_Task to carry out:_ In the entries that follow, the lines from the one with "Australian College of" through the one with "Orchard at Eve's Cidery" are the ones to write out, exactly and with both ends included. Nothing else should appear.

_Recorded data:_
--
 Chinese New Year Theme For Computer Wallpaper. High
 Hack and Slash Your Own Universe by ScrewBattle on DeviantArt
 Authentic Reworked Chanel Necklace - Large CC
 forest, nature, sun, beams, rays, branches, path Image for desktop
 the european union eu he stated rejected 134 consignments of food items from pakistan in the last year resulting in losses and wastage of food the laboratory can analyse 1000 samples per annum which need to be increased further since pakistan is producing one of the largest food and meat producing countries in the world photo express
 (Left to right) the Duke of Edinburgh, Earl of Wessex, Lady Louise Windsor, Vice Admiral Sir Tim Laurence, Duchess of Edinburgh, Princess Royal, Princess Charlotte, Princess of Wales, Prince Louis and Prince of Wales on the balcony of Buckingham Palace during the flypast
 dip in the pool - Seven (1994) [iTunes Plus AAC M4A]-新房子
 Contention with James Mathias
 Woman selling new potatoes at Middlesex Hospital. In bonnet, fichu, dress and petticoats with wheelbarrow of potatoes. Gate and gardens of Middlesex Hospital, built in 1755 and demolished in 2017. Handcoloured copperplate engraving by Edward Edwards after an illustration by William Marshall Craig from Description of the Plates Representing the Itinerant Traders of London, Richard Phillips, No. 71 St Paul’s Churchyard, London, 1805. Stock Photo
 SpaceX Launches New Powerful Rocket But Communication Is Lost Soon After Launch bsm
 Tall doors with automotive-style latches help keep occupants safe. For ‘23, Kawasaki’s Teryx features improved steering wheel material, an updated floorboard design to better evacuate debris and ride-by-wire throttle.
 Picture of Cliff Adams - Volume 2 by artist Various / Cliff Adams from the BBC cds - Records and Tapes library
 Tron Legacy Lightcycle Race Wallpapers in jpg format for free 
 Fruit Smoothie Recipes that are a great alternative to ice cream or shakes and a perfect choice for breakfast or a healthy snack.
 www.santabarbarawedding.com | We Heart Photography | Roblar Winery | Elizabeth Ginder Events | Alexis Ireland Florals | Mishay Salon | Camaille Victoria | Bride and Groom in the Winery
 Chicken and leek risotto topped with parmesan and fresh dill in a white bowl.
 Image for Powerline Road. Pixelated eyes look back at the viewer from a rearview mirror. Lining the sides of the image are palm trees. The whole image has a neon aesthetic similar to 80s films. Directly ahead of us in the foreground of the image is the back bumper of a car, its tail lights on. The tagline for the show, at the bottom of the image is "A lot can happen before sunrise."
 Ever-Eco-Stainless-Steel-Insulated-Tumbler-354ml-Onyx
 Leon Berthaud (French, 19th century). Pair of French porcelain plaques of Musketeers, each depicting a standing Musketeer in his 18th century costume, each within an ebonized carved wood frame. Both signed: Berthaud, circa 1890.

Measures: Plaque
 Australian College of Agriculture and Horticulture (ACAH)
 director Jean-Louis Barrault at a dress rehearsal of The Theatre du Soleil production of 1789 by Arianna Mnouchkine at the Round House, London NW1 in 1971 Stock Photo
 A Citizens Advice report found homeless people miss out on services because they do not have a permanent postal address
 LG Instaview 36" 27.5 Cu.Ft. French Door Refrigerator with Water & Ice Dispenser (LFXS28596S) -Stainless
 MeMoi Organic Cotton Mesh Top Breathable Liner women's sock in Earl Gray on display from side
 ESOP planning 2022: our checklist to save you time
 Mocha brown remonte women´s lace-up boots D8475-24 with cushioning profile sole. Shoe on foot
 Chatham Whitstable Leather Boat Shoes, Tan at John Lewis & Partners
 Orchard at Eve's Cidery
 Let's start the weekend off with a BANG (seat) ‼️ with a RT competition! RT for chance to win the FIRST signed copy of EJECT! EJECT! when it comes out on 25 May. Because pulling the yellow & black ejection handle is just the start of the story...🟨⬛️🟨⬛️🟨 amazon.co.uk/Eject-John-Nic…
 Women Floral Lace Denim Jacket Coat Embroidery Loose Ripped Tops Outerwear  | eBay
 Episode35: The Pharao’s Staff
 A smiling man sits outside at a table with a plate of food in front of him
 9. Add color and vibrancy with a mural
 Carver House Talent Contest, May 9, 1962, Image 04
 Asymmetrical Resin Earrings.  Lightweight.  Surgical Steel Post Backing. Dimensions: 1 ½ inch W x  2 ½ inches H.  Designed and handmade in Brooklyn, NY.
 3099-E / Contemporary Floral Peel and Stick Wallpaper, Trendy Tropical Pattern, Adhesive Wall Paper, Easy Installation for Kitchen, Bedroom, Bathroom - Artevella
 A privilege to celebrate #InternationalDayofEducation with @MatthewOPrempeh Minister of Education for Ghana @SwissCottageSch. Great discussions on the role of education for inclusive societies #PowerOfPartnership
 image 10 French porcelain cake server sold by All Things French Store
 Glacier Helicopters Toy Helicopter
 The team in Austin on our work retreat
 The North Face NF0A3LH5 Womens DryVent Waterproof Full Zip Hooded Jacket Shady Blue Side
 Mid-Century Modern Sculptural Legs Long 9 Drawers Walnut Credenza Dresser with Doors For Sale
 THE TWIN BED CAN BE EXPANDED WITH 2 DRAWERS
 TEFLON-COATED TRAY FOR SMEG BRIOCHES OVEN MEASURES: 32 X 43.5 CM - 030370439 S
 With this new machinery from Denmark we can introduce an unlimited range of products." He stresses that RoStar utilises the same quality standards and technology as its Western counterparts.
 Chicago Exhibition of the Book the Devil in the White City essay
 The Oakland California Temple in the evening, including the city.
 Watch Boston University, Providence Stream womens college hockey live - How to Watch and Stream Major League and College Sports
--
_Task solution:_
 Australian College of Agriculture and Horticulture (ACAH)
 director Jean-Louis Barrault at a dress rehearsal of The Theatre du Soleil production of 1789 by Arianna Mnouchkine at the Round House, London NW1 in 1971 Stock Photo
 A Citizens Advice report found homeless people miss out on services because they do not have a permanent postal address
 LG Instaview 36" 27.5 Cu.Ft. French Door Refrigerator with Water & Ice Dispenser (LFXS28596S) -Stainless
 MeMoi Organic Cotton Mesh Top Breathable Liner women's sock in Earl Gray on display from side
 ESOP planning 2022: our checklist to save you time
 Mocha brown remonte women´s lace-up boots D8475-24 with cushioning profile sole. Shoe on foot
 Chatham Whitstable Leather Boat Shoes, Tan at John Lewis & Partners
 Orchard at Eve's Cidery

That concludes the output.